Unjust enrichment: Some items to consider: When unjust enrichment cannot be invoked
Insolvent companies and bankrupt traders
Unjust enrichment cannot be invoked where the refund will be distributed to unsecured or secured creditors among whom are those persons who have been charged VAT in error.
Unjust enrichment can only be argued in these cases, where either the company or its shareholders would benefit after the unsecured creditors have been pain in full.

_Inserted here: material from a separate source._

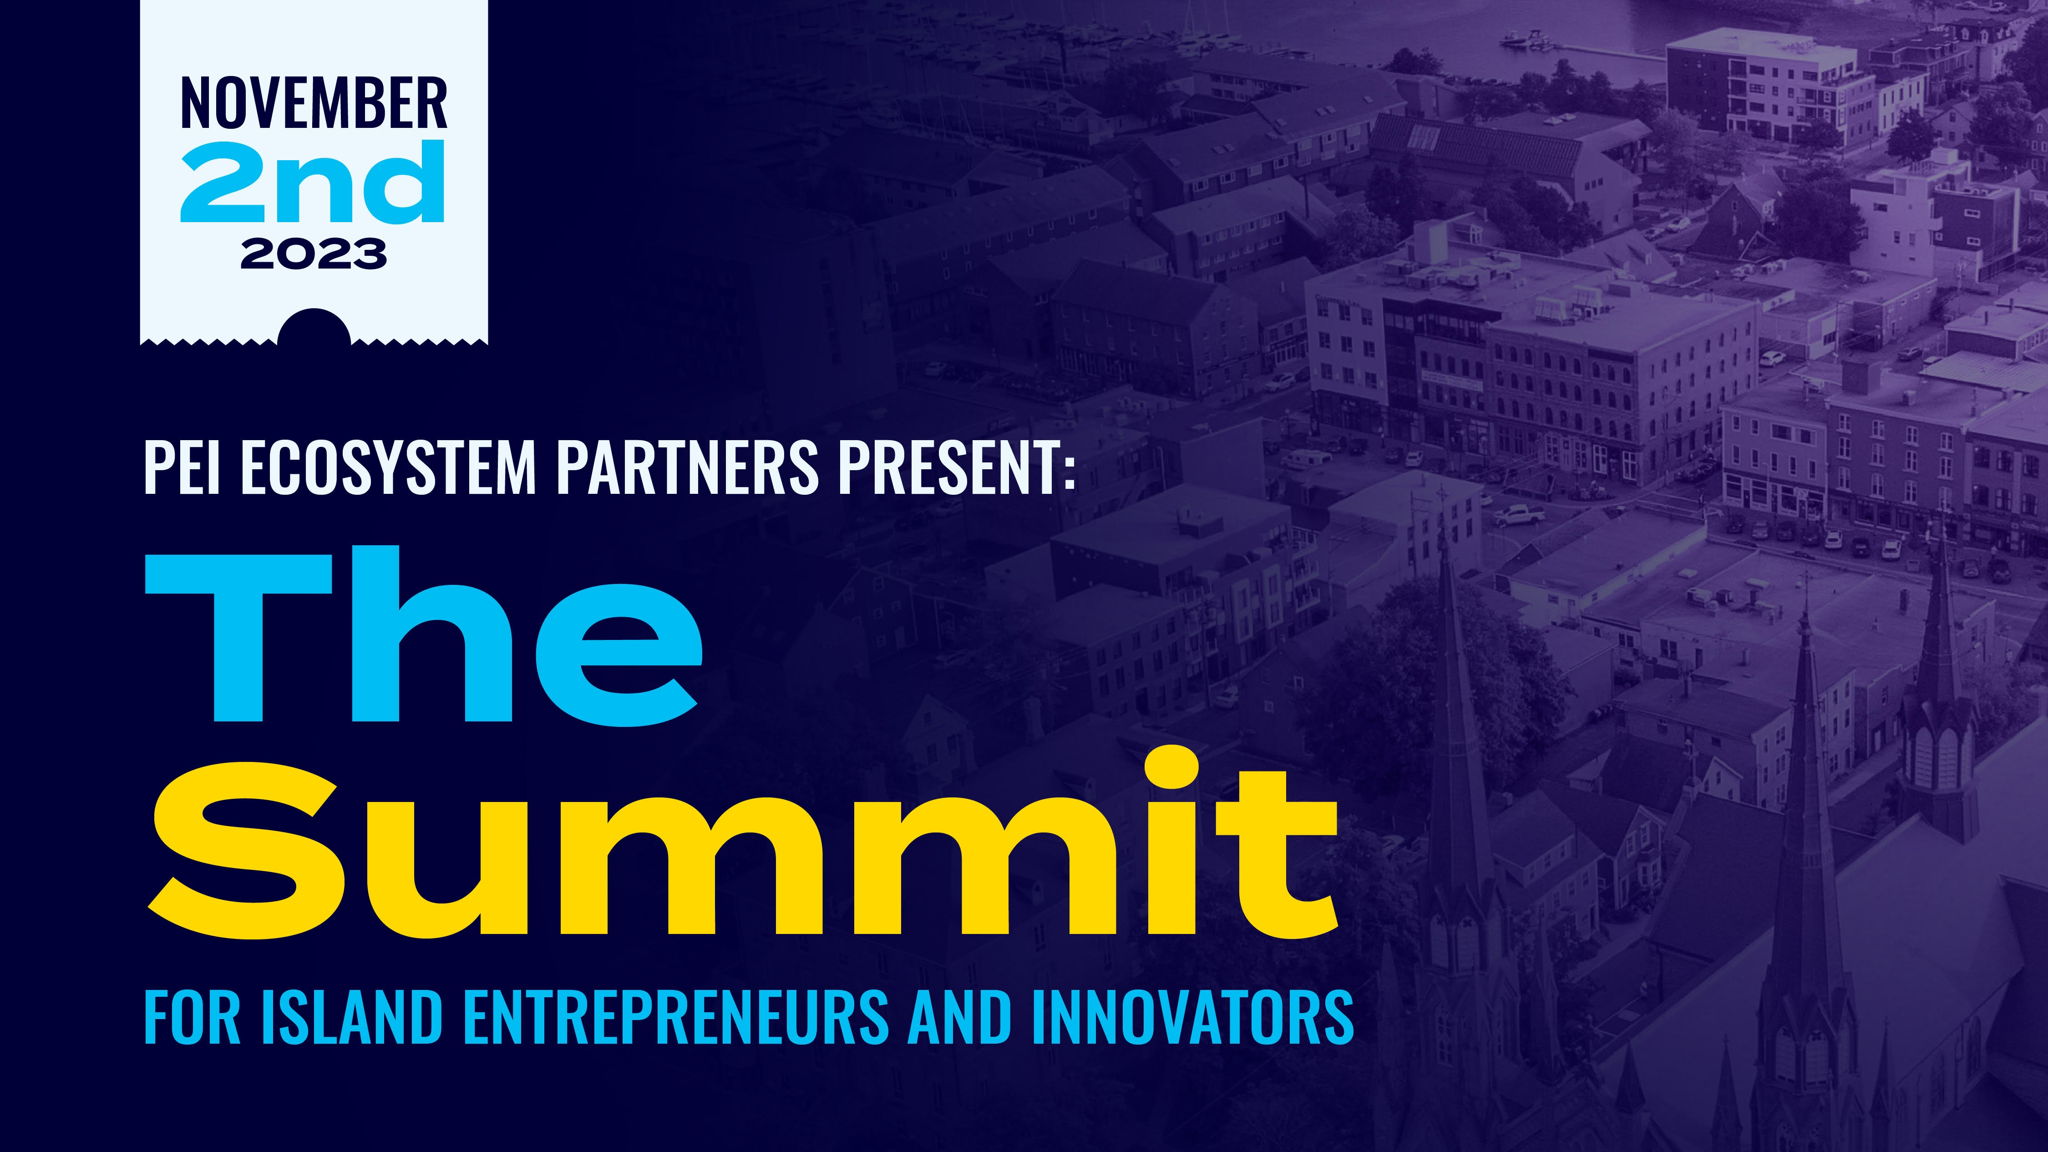 The Summit for Island Entrepreneurs and Innovators
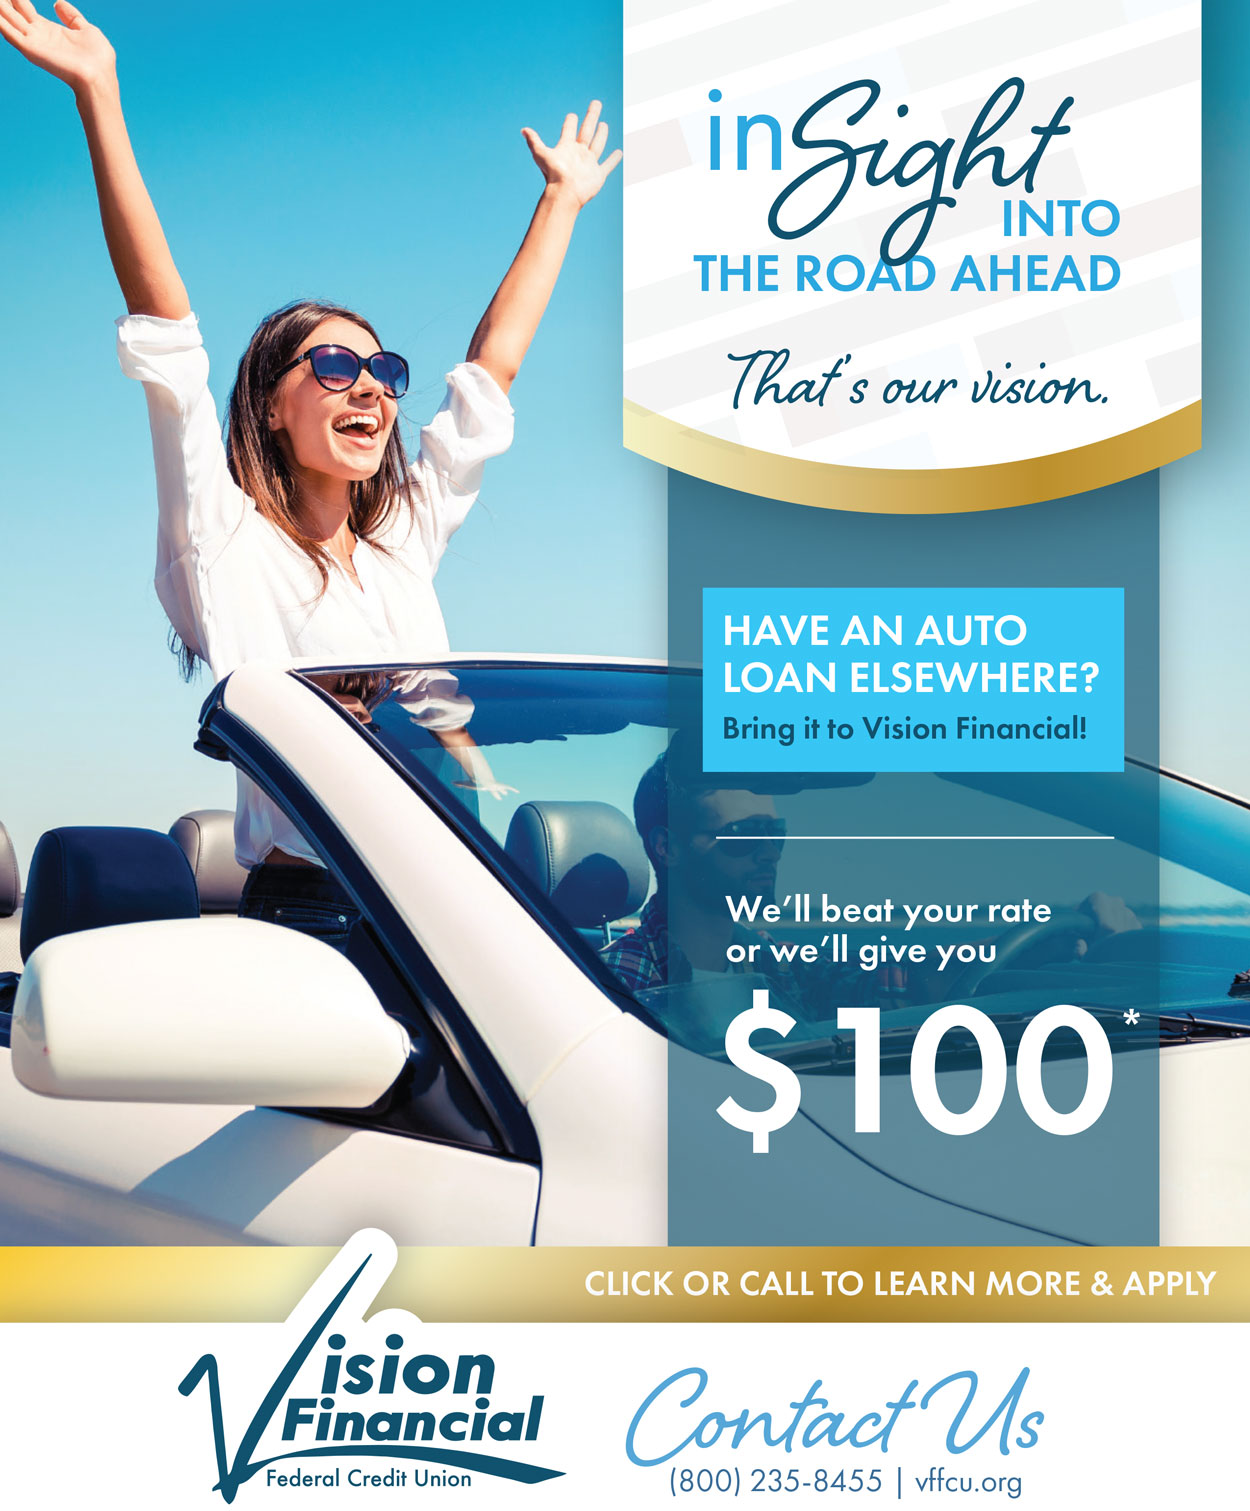 Have an auto loan elsewhere? Bring it to Vision. We'll beat te rate or give you $100

The Court of Session in C & E Commrs - v - McMaster Stores (Scotland) Ltd (in receivership)  STC 846, held that:
“It is clear on the agreed facts that the tenants will get something as a result of the repayment, which is better than nothing. It is also clear that there will be no benefit to the company or its share holders, as the remainder must be shared equally with the other unsecured creditors. Those other unsecured creditors will receive a benefit which might be regarded, in their case, as a windfall. But that is inevitable if the tenants, who are entitled to claim repayment from the company, are to get anything at all …. it is the result of sound public policy in view of the company’s insolvency. Furthermore there can be no injustice in this situation as regards the commissioners, as the sum sought to be recovered from them was paid over to them in error when it was not due.
It is clear that unjust enrichment could only be argued in these cases, where either the company or its shareholders would benefit after the unsecured creditors have been paid in full.”
Note: A business under members voluntary liquidation (MVL) procedures, which is known as ‘solvent liquidation’ would not qualify as either insolvent or bankrupt and therefore may be subject to the unjust enrichment defence.
Further guidance on solvent liquidation and insolvent liquidation is in the Insolvency Manual.